• _Task to complete_: Set the listing down unchanged, minus every embedded image.

• _Provided data_:
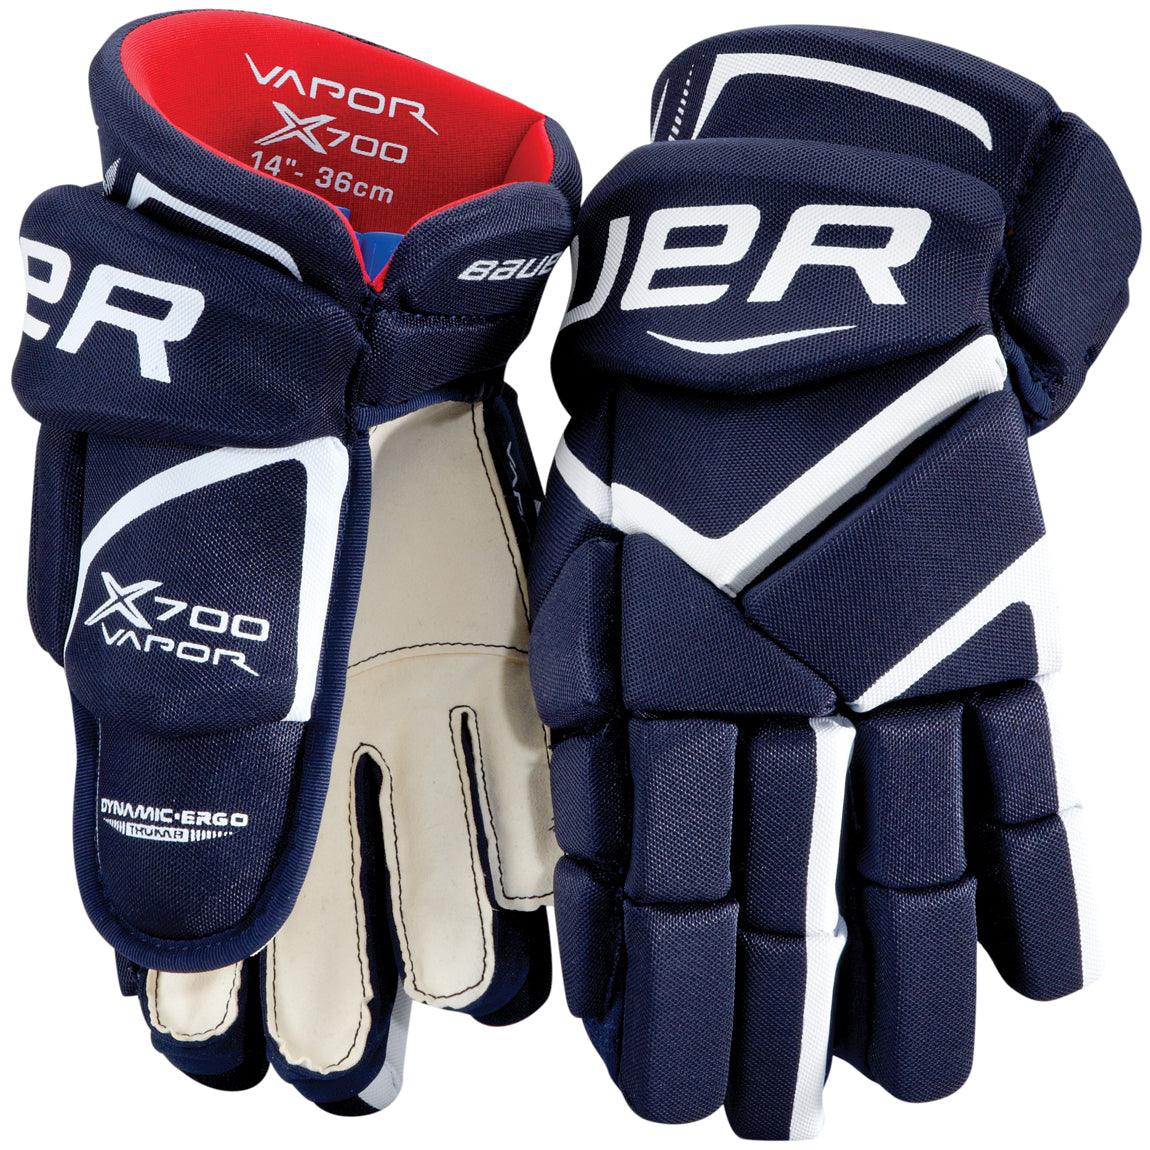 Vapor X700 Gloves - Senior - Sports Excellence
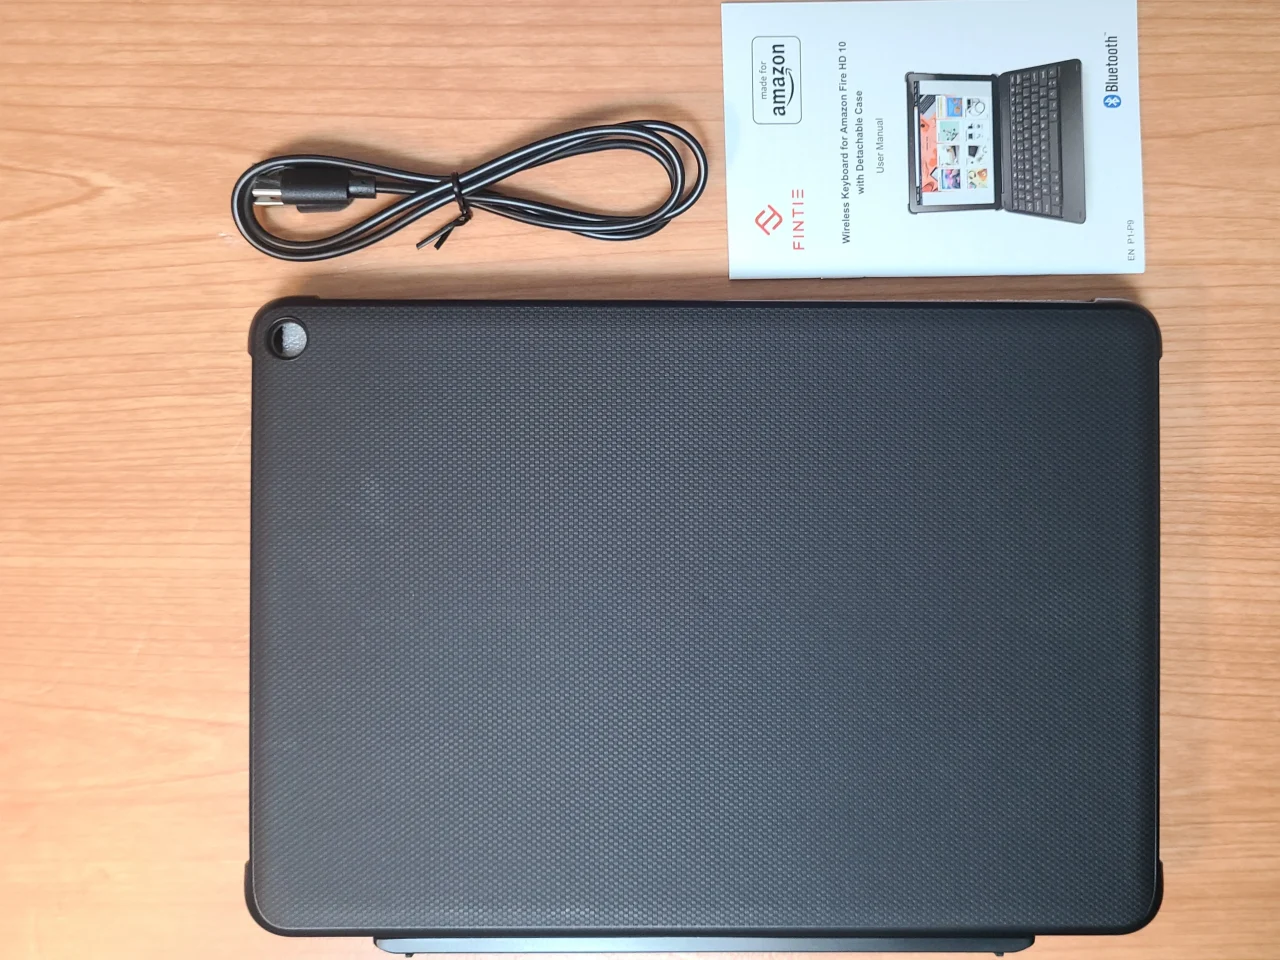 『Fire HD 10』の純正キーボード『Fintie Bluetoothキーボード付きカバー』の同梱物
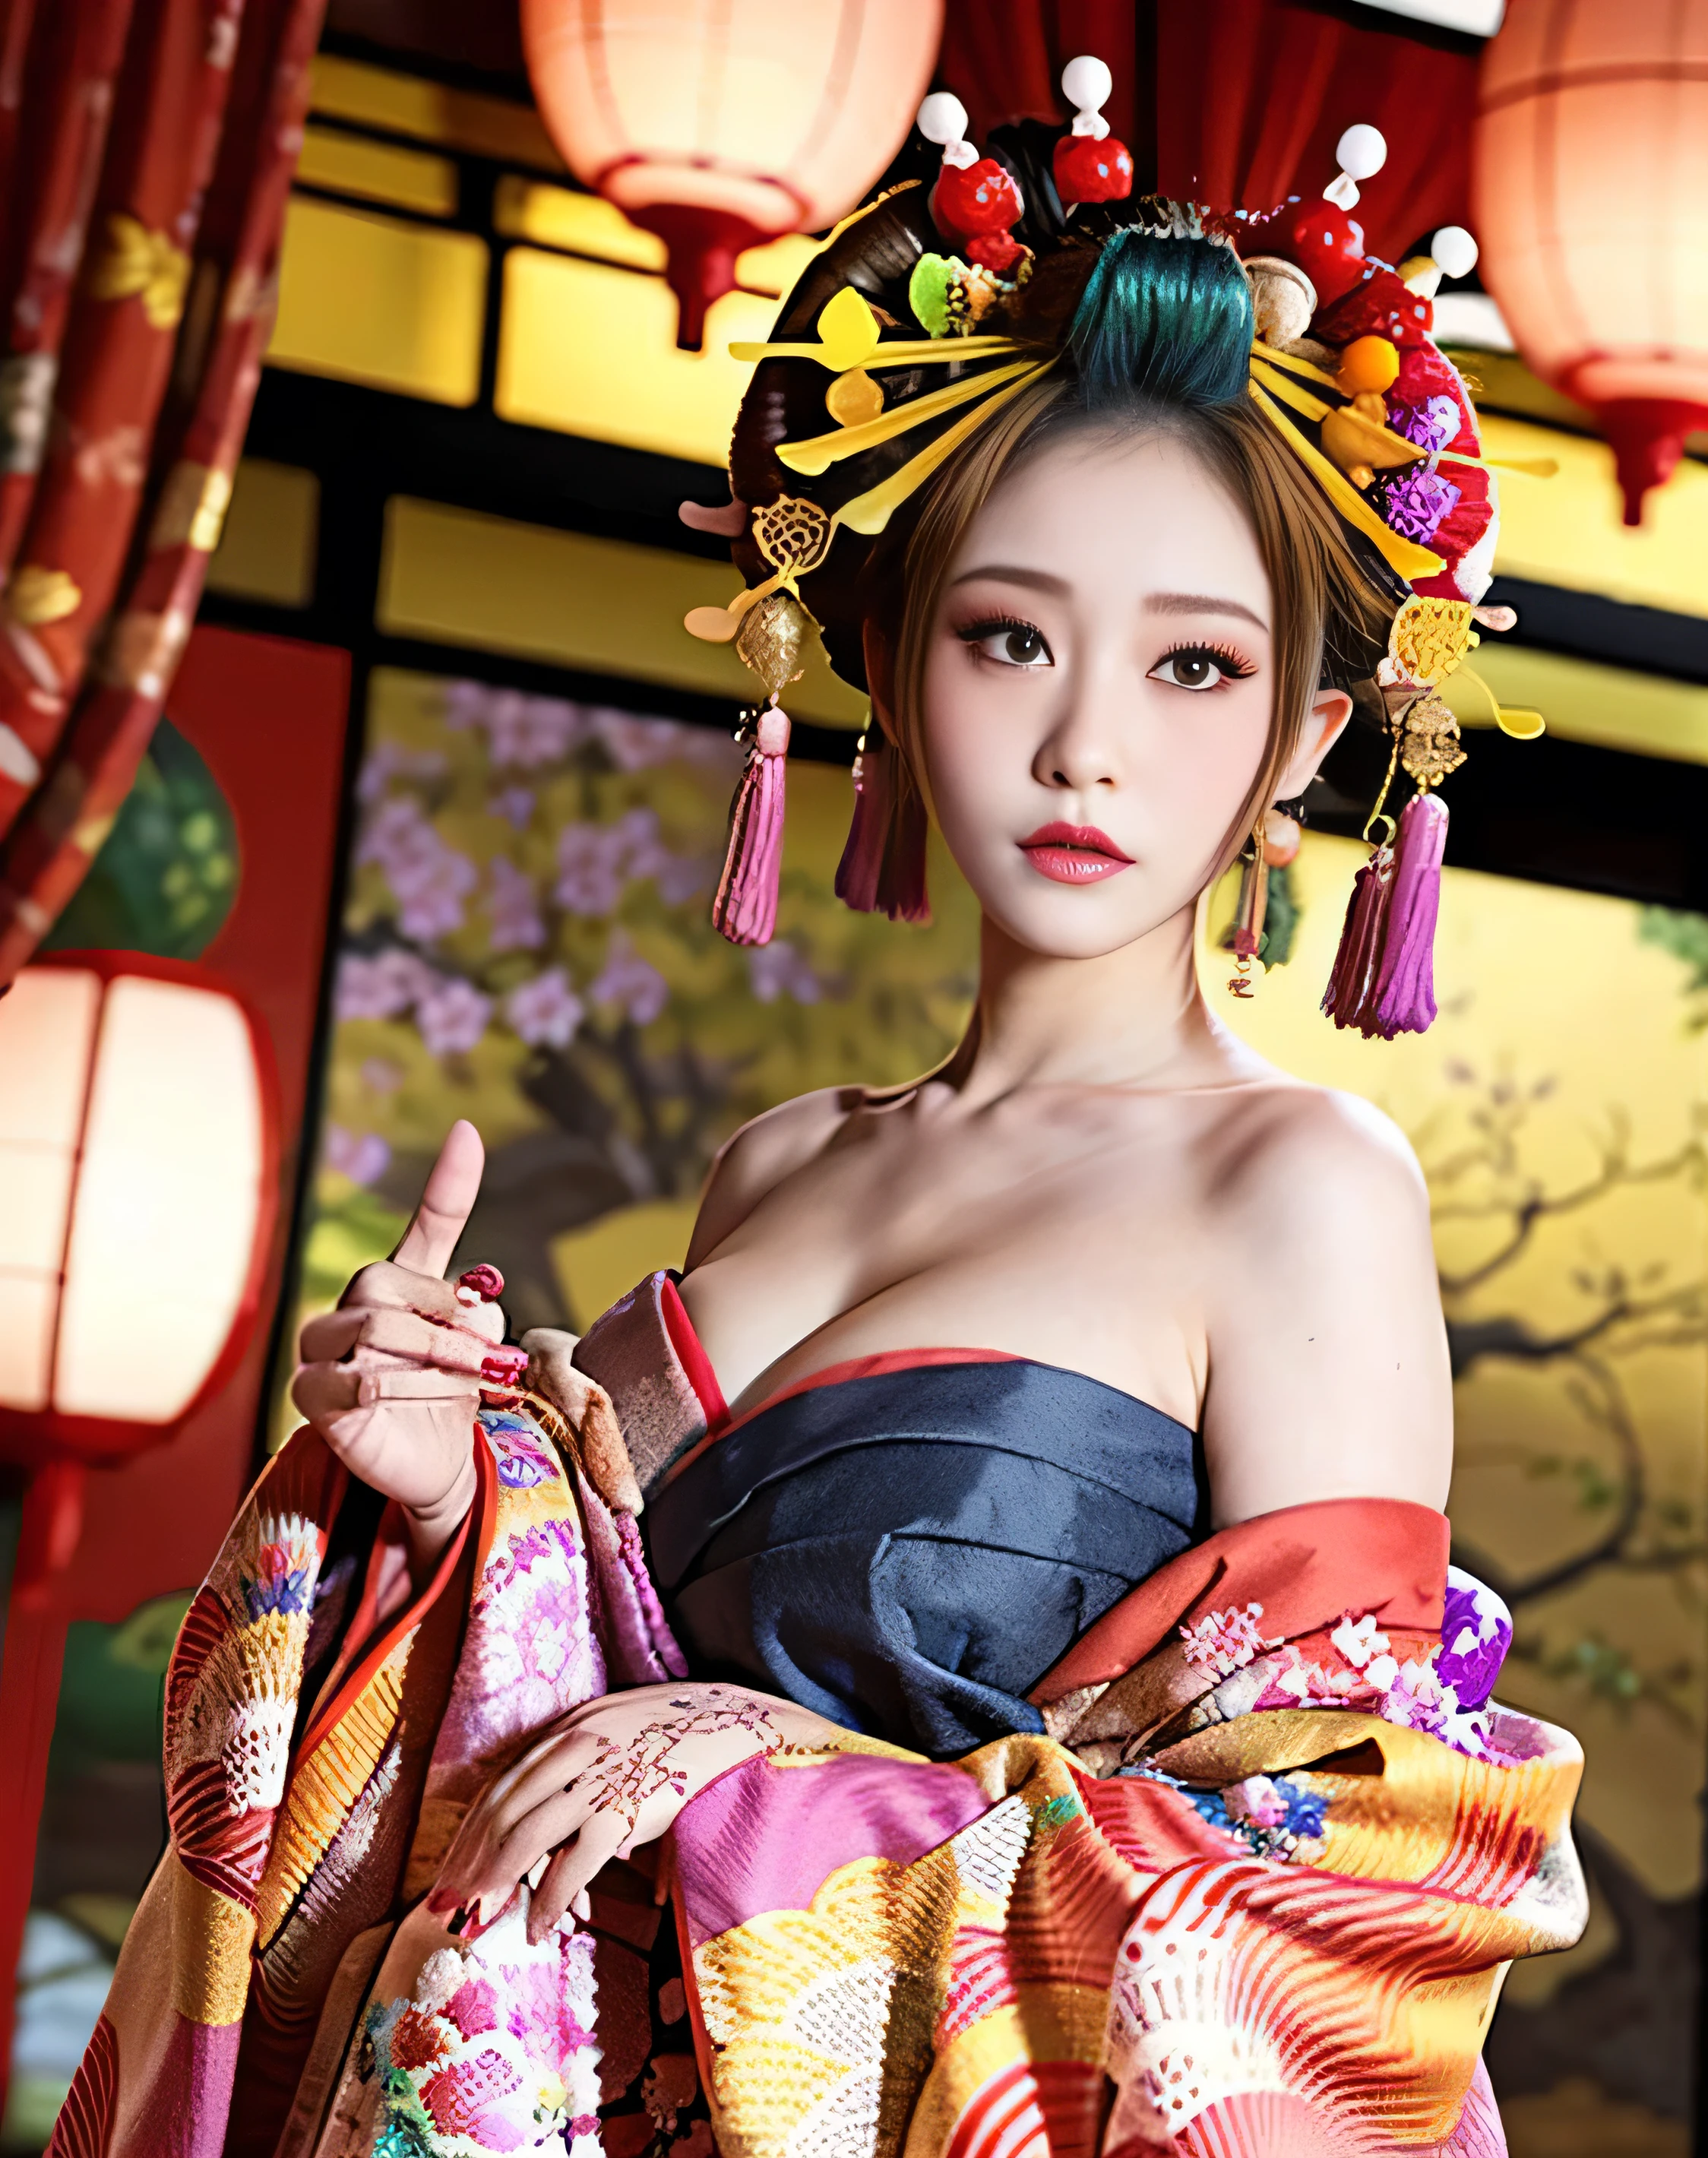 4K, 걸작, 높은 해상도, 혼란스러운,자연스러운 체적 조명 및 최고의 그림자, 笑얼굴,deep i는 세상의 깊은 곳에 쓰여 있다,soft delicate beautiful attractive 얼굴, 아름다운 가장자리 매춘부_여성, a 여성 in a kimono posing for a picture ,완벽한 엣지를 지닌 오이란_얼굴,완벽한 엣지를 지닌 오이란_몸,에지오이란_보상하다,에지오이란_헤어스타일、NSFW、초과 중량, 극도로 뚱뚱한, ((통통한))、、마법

• _Answer to the exercise_:
 Vapor X700 Gloves - Senior - Sports Excellence
 『Fire HD 10』の純正キーボード『Fintie Bluetoothキーボード付きカバー』の同梱物
 4K, 걸작, 높은 해상도, 혼란스러운,자연스러운 체적 조명 및 최고의 그림자, 笑얼굴,deep i는 세상의 깊은 곳에 쓰여 있다,soft delicate beautiful attractive 얼굴, 아름다운 가장자리 매춘부_여성, a 여성 in a kimono posing for a picture ,완벽한 엣지를 지닌 오이란_얼굴,완벽한 엣지를 지닌 오이란_몸,에지오이란_보상하다,에지오이란_헤어스타일、NSFW、초과 중량, 극도로 뚱뚱한, ((통통한))、、마법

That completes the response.